Michael Douglas habló sobre el paso de los años en una entrevista con ARRP Magazine en donde dejó una definición preocupante de algo que le está pasando. “A lo largo de la pandemia, en la que pasé mucho más tiempo haciendo básicamente nada en el sofá, me sorprendió la cantidad de energía que perdí. Y mi memoria a largo plazo está bien, pero a corto plazo… no tanto. Lo estoy investigando”, reveló.

El actor sostuvo que se sorprendió por este efecto y que al principio pensó que podía deberse a sus excesos del pasado, especialmente con la marihuana, pero tras haber consultado a varios amigos suyos que fumaban mucho más que él cuando eran jóvenes, notó que su problema era otro.

En la íntima entrevista reflexionó muchas otras cosas sobre su vida cotidiana, su infancia, su rol como hijo y como padre. Por ejemplo, recordó que la gente está equivocada con el concepto de que él pertenece a eso que se llama “realeza del mundo del espectáculo”: “Aprecio la relación que tuve con mi padre, pero cuando yo era joven, él era un actor ocupado y yo aún no había triunfado”. Por eso, conocedor de que el mundo del cine es tan agradecido como ingrato con los actores, decidió no depender solo de la actuación y se creó una carrera detrás de cámara como productor, invirtiendo en películas como Atrapado sin salida o Síndrome de China.

Douglas dijo que es adicto a las noticias y opinó sobre los efectos de la pandemia. A su juicio, después de esta especie de “temporada sedentaria” que está pasando, está ansioso por volver a viajar, trabajar, abrazar a sus amigos y seguir aprendiendo. “Con la madurez, no te sentís necesariamente muy diferente de lo que te pasaba cuando eras más joven.

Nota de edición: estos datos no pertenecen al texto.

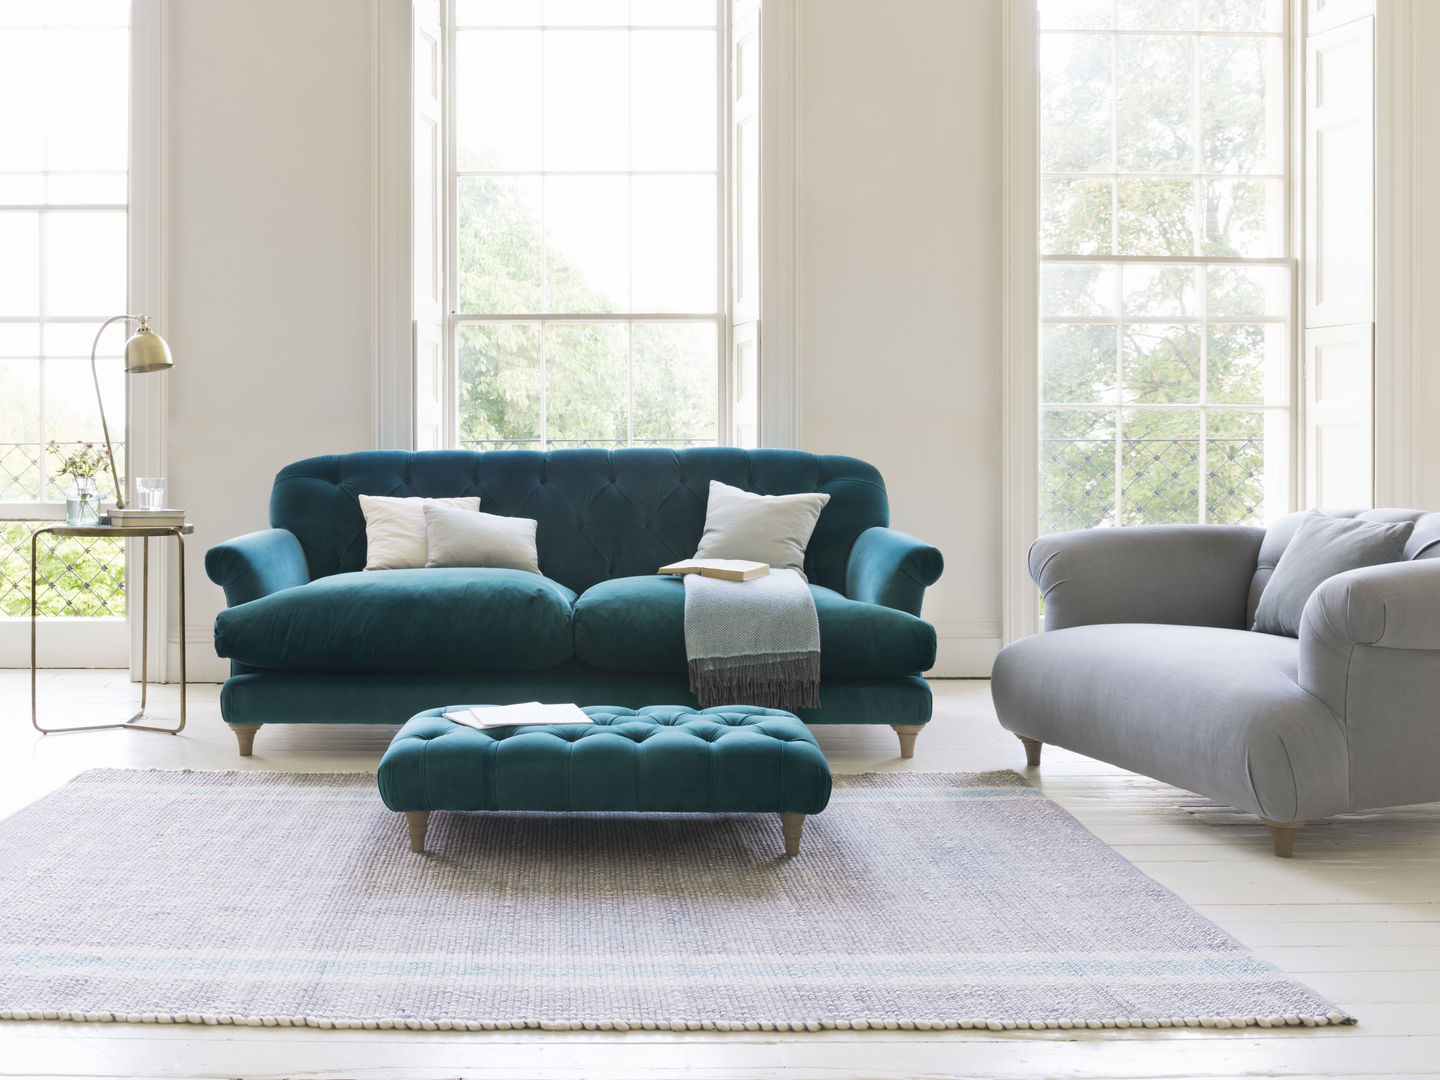 Comfty footstool Loaf Modern Oturma Odası footstool,teal,living room,sofa,space,windows,blue,velvet,green

Ahora simplemente busco la alegría de un buen momento”, enfatizó.

Tampoco evitó hablar sobre la paternidad. Padre de tres hijos, Cameron, de 42 años, fruto de su primer matrimonio con Diandra Luker, y Dylan y Carys, de 20 y 17, a los que tuvo con su actual esposa, la actriz Catherine Zeta-Jones, afirmó que aún le sorprende “el esfuerzo que supone ser padre”. Y añadió: “Hay que aprender a tener paciencia. Los actores tendemos a ser un poco narcisistas. Ahora soy el orgulloso abuelo de dos nietos (Lua, de 3 años, y Ryder, de 3 meses), de mi hijo mayor, Cameron. Me hace reír cuando lo veo con sus hijos. Él y yo tuvimos nuestros problemas cuando él estaba creciendo, y es como ‘ahora ves lo que es ser padre’”.

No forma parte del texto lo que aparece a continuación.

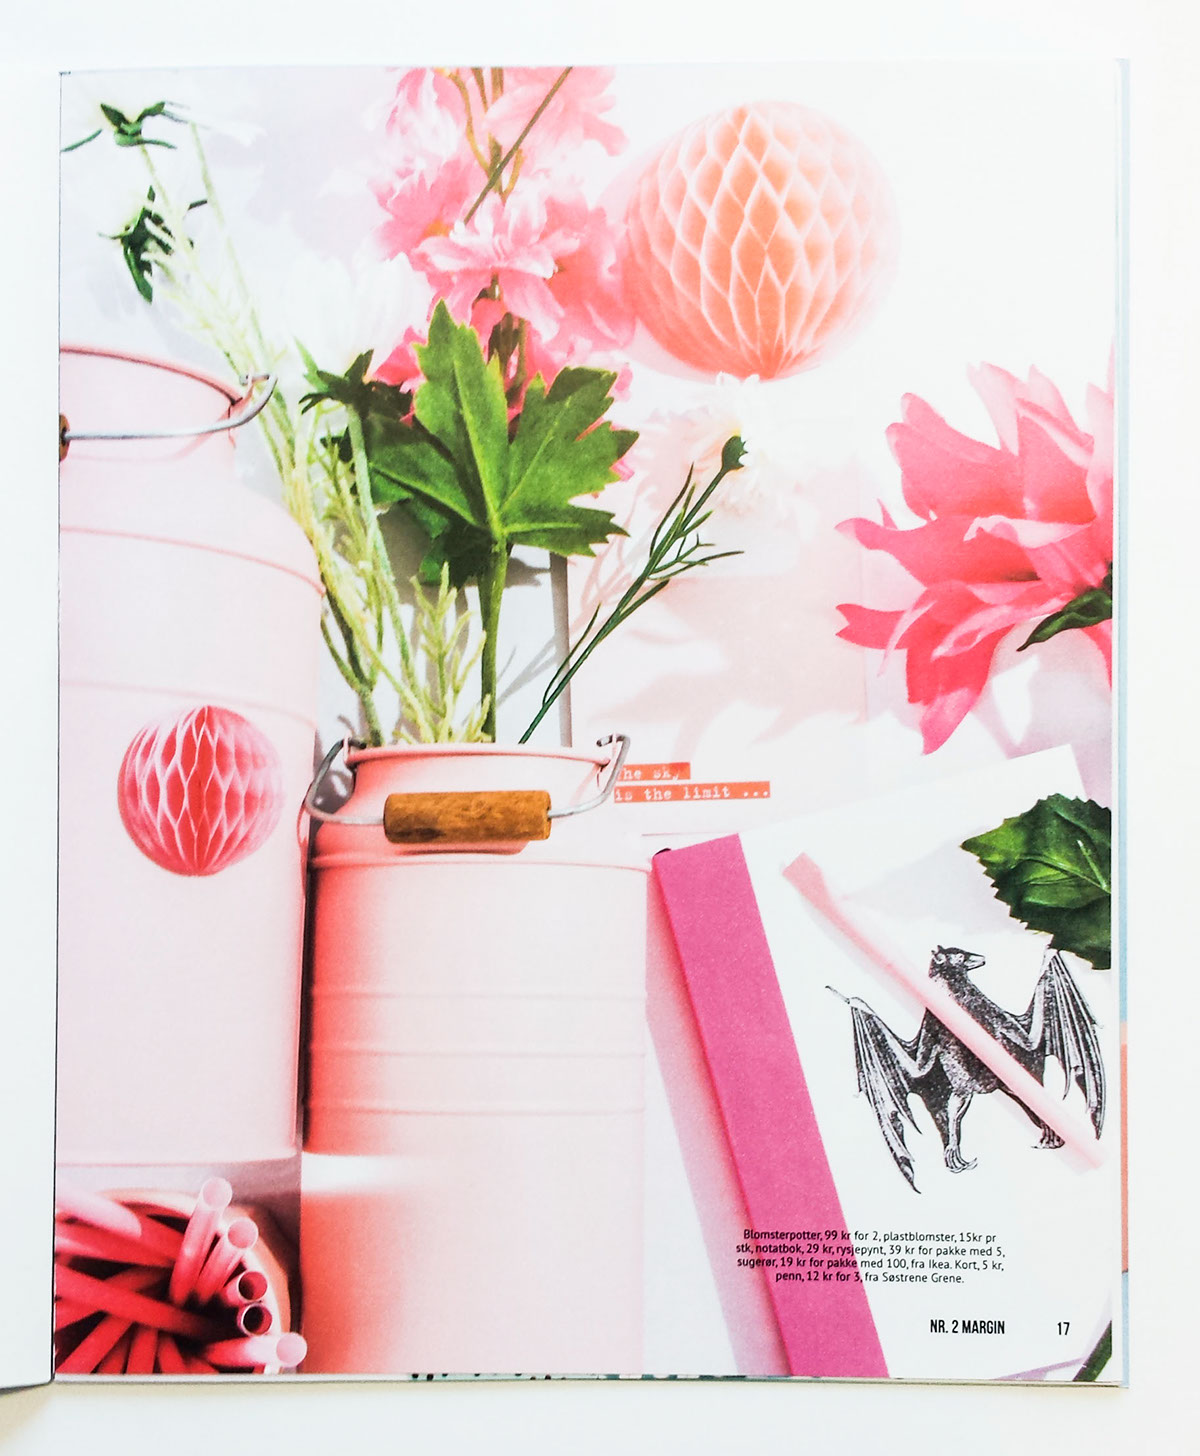 paint design magazine graphic Layout iPad digital mag print photo editorial tablet

Desde su punto de vista lo más difícil que tuvo que hacer como padre es “establecer límites, grandes y chicos”. Y explicó: “Mi hijo mayor, Cameron, era adicto y terminó cumpliendo siete años y medio en una prisión federal. Eso fue duro, tener que protegerme a mí y a mi familia y decirle a mi hijo mayor que si sentía que me alejaba de él, lo hacía porque tenía miedo de que se matara o mate a otra persona. Esa experiencia con Cameron no se la deseo a nadie. Muchas familias pasan por problemas de adicción. Se requiere dureza. Pero cuando llegás a ese punto, lo haces por tu hijo”.

A pesar de sus preocupaciones actuales sobre su memoria, el actor comentó que afronta el futuro con energía y que no va a dejar de actuar: “El trabajo te mantiene en marcha, en alerta. Por supuesto, cuando miro alrededor en el set, soy el más viejo. Pero me encanta todo el proceso. No nos dedicamos a la neurocirugía; somos del mundo del espectáculo. Un límite que sí establezco es ‘no se permiten imbéciles’. Yo no trabajo con imbéciles. No tengo tiempo para eso”.